------ Material to process ------

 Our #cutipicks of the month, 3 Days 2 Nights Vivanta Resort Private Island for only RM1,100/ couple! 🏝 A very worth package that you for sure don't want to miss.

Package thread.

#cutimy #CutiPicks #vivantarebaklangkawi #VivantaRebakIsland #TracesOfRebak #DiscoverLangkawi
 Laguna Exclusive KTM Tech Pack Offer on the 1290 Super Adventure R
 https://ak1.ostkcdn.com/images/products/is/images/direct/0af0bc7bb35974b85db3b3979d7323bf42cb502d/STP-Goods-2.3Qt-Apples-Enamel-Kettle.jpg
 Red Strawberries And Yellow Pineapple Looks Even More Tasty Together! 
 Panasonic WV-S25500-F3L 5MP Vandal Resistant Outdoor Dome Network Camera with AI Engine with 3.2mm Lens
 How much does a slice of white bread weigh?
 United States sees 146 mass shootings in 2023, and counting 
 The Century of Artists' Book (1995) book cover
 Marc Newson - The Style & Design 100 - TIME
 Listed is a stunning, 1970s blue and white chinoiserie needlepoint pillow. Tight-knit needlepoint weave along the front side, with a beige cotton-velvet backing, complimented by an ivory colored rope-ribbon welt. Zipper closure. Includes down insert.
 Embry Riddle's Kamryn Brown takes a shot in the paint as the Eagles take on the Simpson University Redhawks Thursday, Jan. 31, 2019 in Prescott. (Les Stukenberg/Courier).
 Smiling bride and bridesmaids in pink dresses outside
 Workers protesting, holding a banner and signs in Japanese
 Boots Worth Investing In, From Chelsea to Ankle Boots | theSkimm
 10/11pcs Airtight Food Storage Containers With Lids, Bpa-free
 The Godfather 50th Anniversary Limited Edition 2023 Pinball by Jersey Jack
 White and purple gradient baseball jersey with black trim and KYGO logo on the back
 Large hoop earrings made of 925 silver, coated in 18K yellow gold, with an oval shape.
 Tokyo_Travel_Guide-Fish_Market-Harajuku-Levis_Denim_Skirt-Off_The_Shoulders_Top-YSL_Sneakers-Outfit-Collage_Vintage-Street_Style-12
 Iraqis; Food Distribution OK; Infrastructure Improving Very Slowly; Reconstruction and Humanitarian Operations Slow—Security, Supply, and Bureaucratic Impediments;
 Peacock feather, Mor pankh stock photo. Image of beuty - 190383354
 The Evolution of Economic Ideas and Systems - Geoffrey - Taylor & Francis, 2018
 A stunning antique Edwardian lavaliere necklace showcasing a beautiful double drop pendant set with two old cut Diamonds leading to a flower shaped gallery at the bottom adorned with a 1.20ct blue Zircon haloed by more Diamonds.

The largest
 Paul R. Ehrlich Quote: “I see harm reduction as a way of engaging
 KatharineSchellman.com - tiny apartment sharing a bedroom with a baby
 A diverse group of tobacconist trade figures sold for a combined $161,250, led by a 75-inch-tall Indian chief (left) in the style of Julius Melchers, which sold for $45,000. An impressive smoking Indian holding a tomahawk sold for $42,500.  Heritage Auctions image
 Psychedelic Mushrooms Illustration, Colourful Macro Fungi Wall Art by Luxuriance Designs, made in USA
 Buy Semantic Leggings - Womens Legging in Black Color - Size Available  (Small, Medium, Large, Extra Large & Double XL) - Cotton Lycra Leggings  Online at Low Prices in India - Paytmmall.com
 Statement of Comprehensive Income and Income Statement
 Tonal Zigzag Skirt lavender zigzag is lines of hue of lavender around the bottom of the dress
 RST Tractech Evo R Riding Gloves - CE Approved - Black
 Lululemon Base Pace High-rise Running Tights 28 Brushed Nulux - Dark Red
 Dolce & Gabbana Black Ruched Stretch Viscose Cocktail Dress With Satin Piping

------

**Work instruction:** Please return every line from the first one in the records above down to the line containing "Listed is a", including both, exactly as written and nothing more.

**Answer to this problem:**
 Our #cutipicks of the month, 3 Days 2 Nights Vivanta Resort Private Island for only RM1,100/ couple! 🏝 A very worth package that you for sure don't want to miss.

Package thread.

#cutimy #CutiPicks #vivantarebaklangkawi #VivantaRebakIsland #TracesOfRebak #DiscoverLangkawi
 Laguna Exclusive KTM Tech Pack Offer on the 1290 Super Adventure R
 https://ak1.ostkcdn.com/images/products/is/images/direct/0af0bc7bb35974b85db3b3979d7323bf42cb502d/STP-Goods-2.3Qt-Apples-Enamel-Kettle.jpg
 Red Strawberries And Yellow Pineapple Looks Even More Tasty Together! 
 Panasonic WV-S25500-F3L 5MP Vandal Resistant Outdoor Dome Network Camera with AI Engine with 3.2mm Lens
 How much does a slice of white bread weigh?
 United States sees 146 mass shootings in 2023, and counting 
 The Century of Artists' Book (1995) book cover
 Marc Newson - The Style & Design 100 - TIME
 Listed is a stunning, 1970s blue and white chinoiserie needlepoint pillow. Tight-knit needlepoint weave along the front side, with a beige cotton-velvet backing, complimented by an ivory colored rope-ribbon welt. Zipper closure. Includes down insert.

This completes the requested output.